● Problem to solve
Retype the listing exactly, with no images.

● Data segment
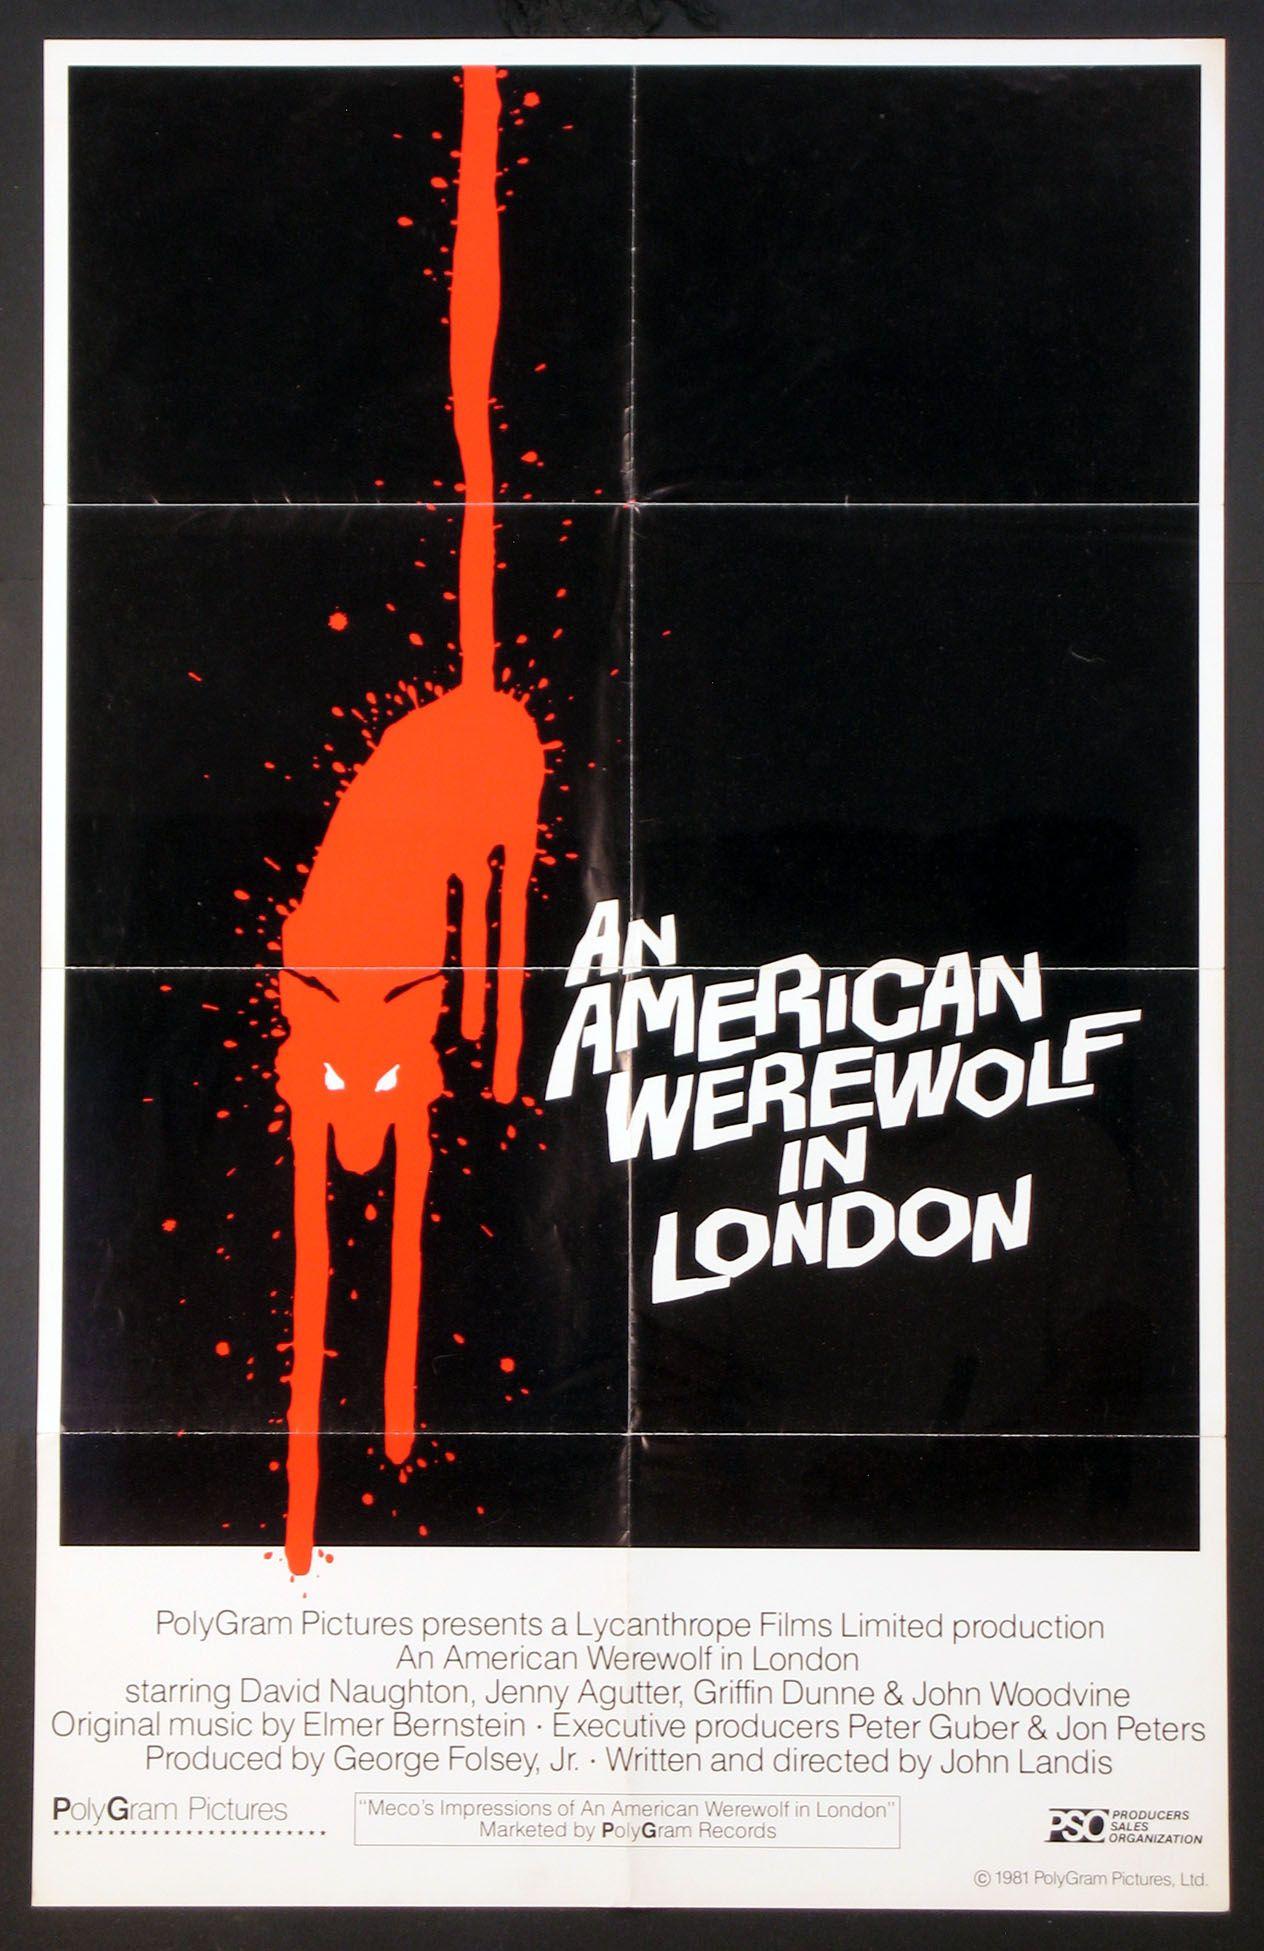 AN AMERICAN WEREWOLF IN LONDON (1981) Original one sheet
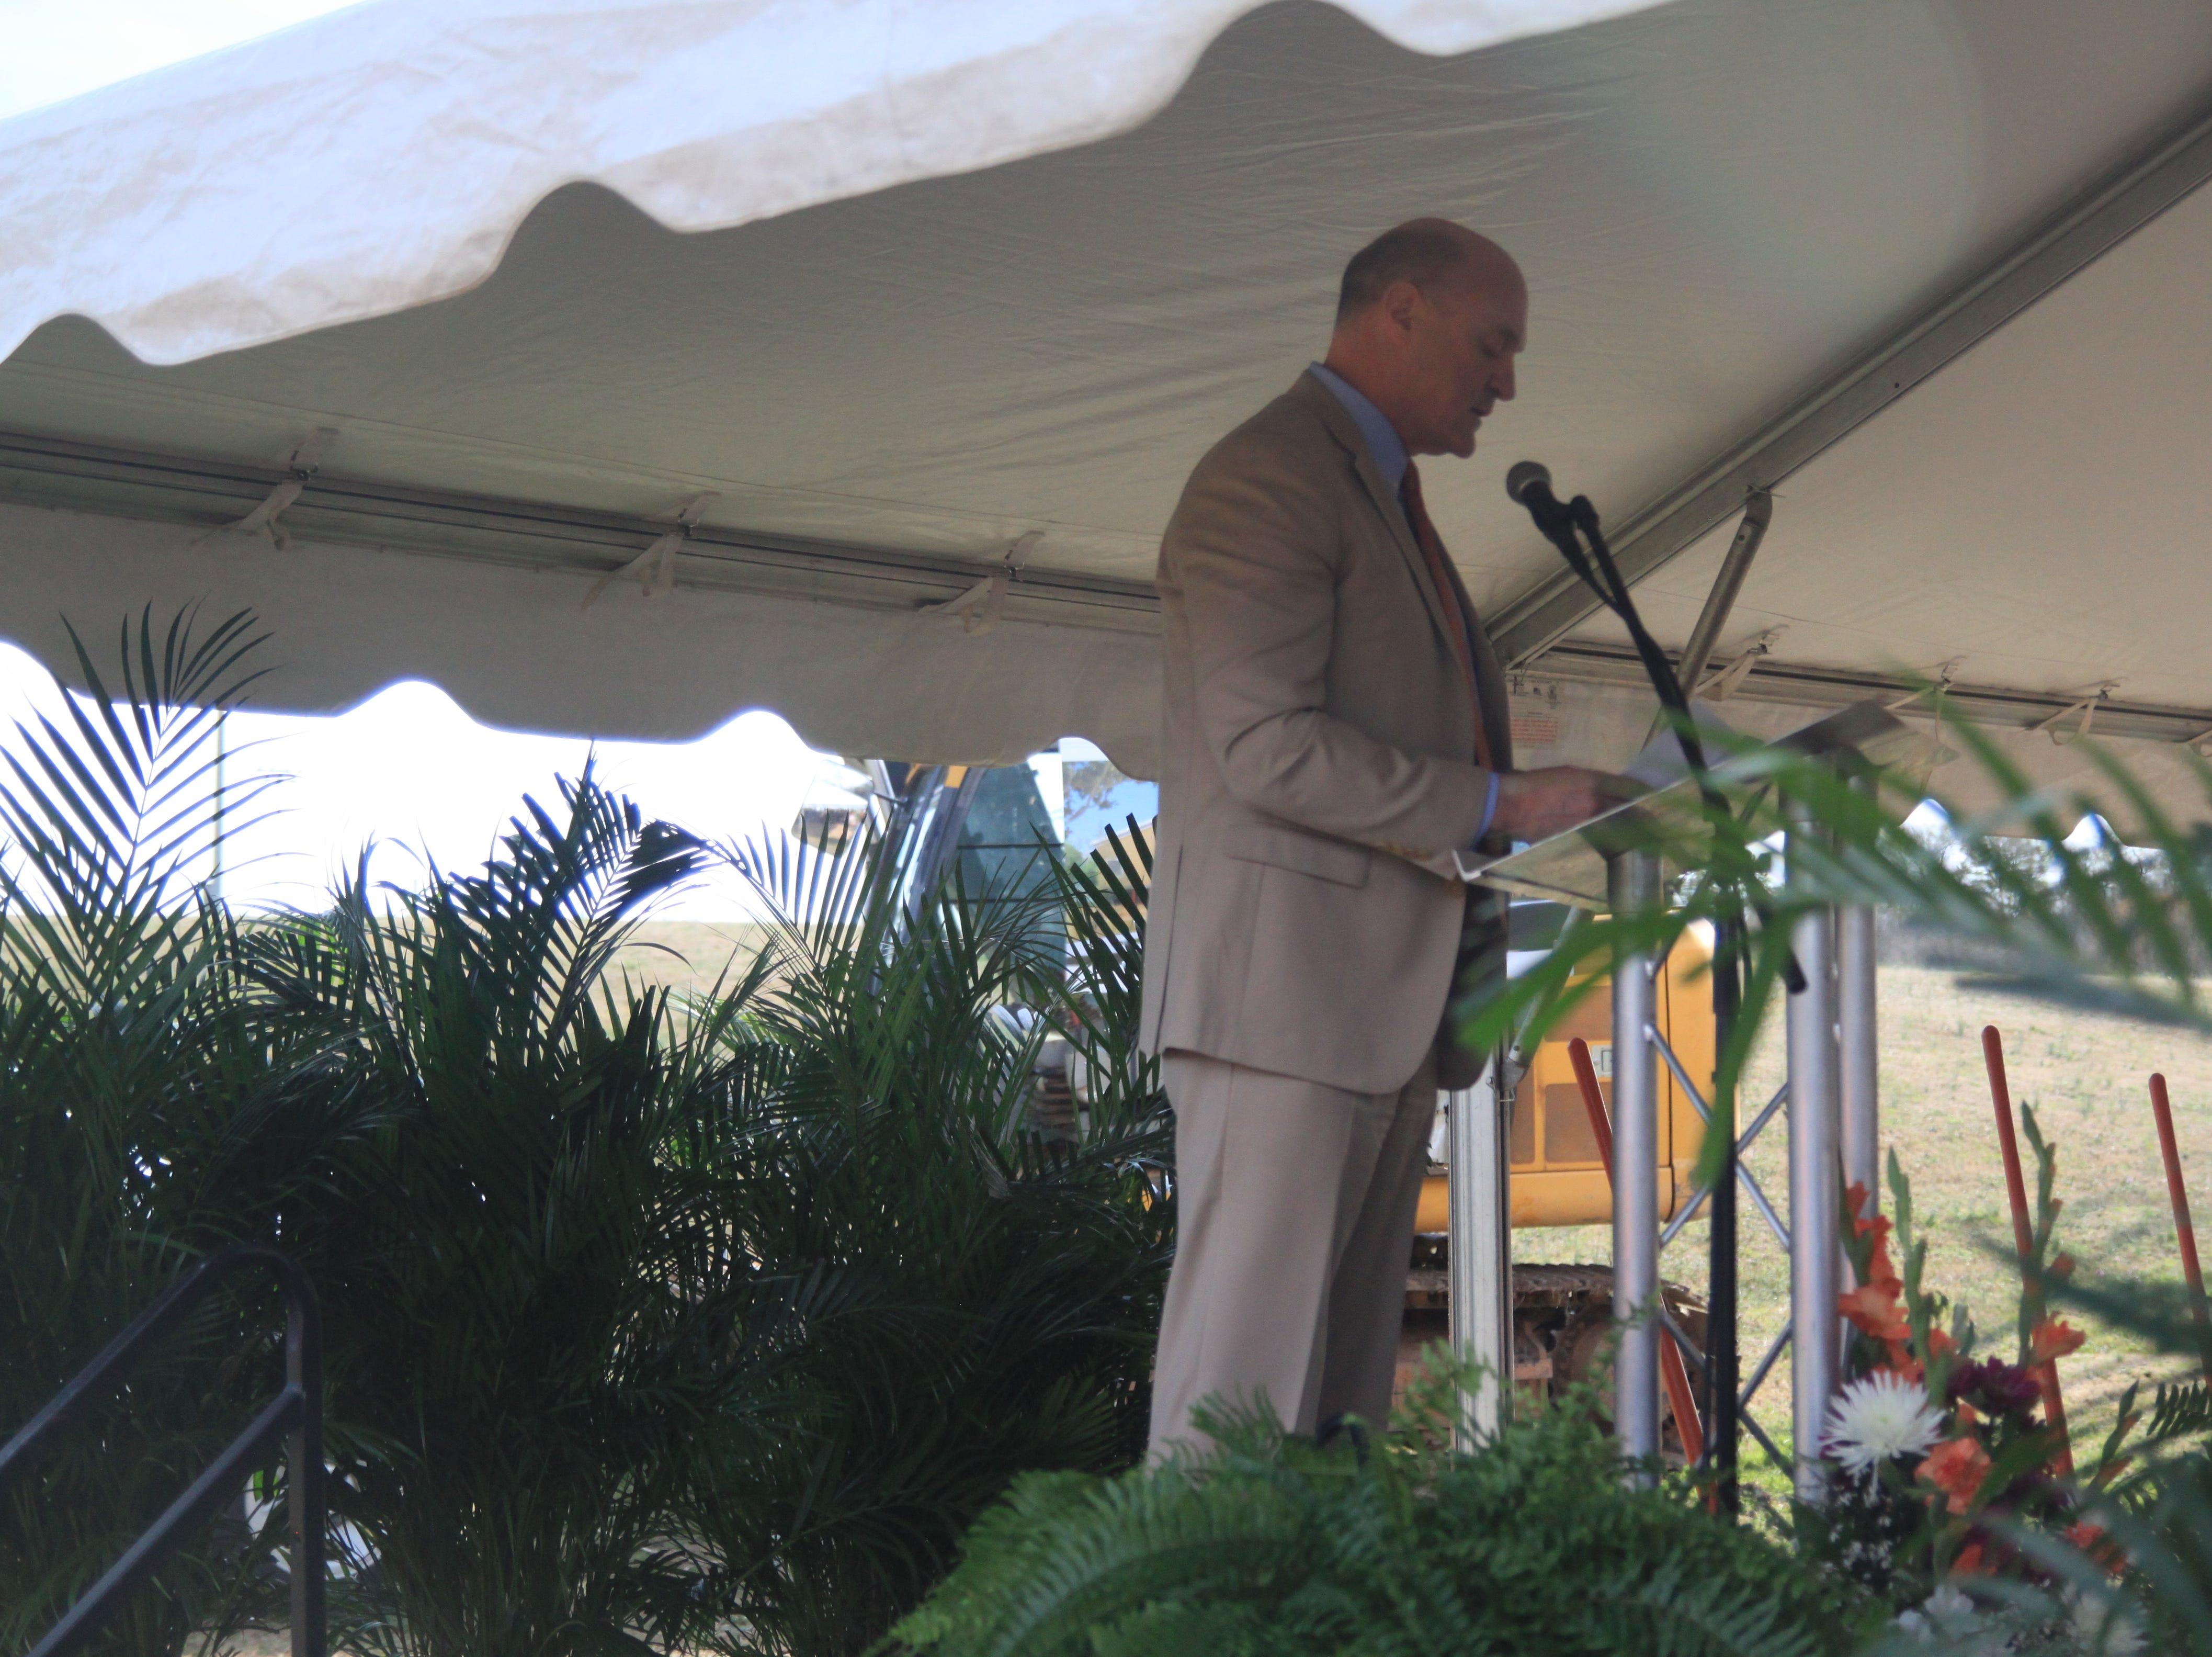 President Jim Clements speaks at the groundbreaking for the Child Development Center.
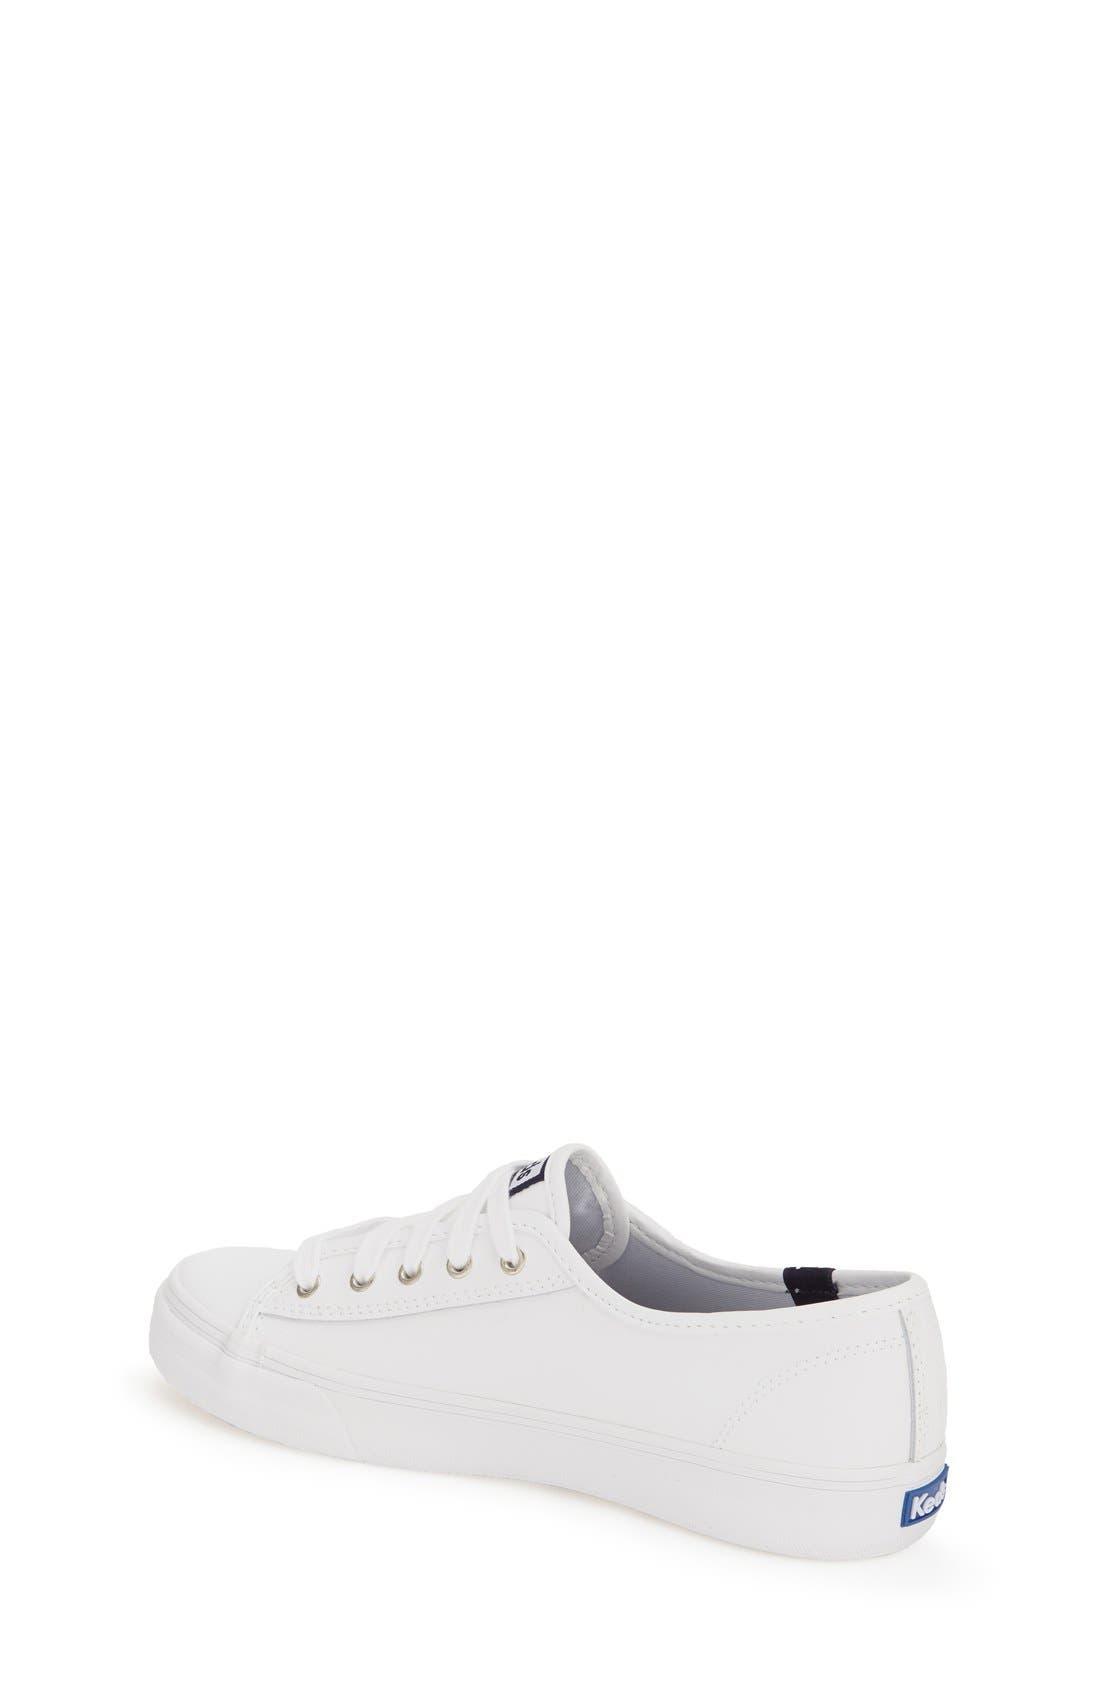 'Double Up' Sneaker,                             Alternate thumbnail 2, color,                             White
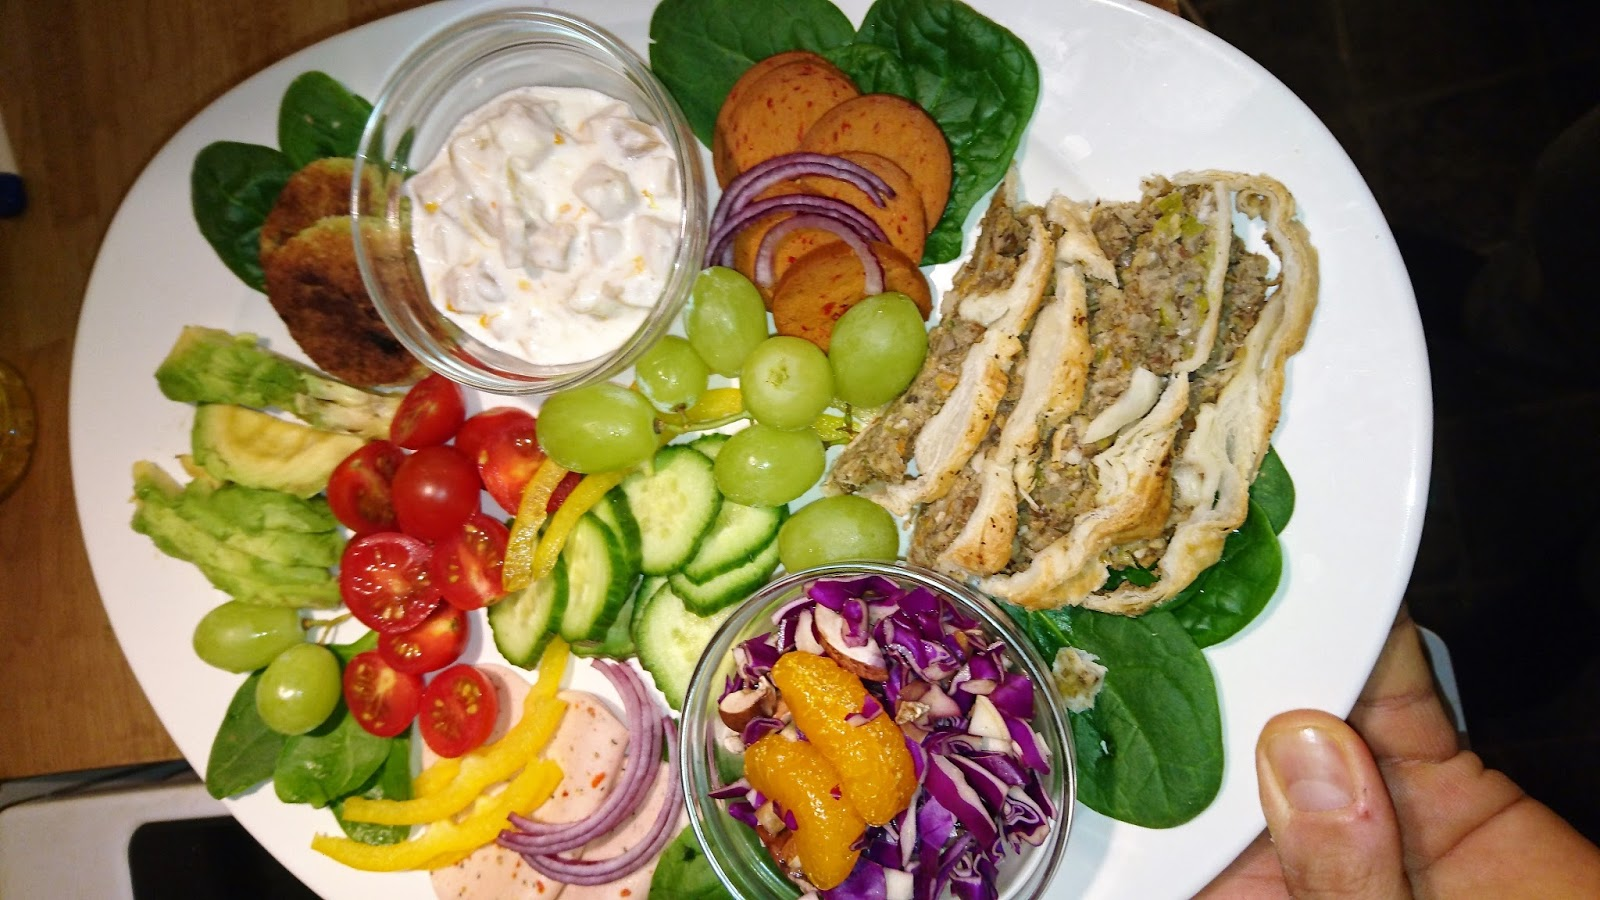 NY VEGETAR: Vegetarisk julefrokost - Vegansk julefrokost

● Written solution
 AN AMERICAN WEREWOLF IN LONDON (1981) Original one sheet
 President Jim Clements speaks at the groundbreaking for the Child Development Center.
 'Double Up' Sneaker,                             Alternate thumbnail 2, color,                             White
 NY VEGETAR: Vegetarisk julefrokost - Vegansk julefrokost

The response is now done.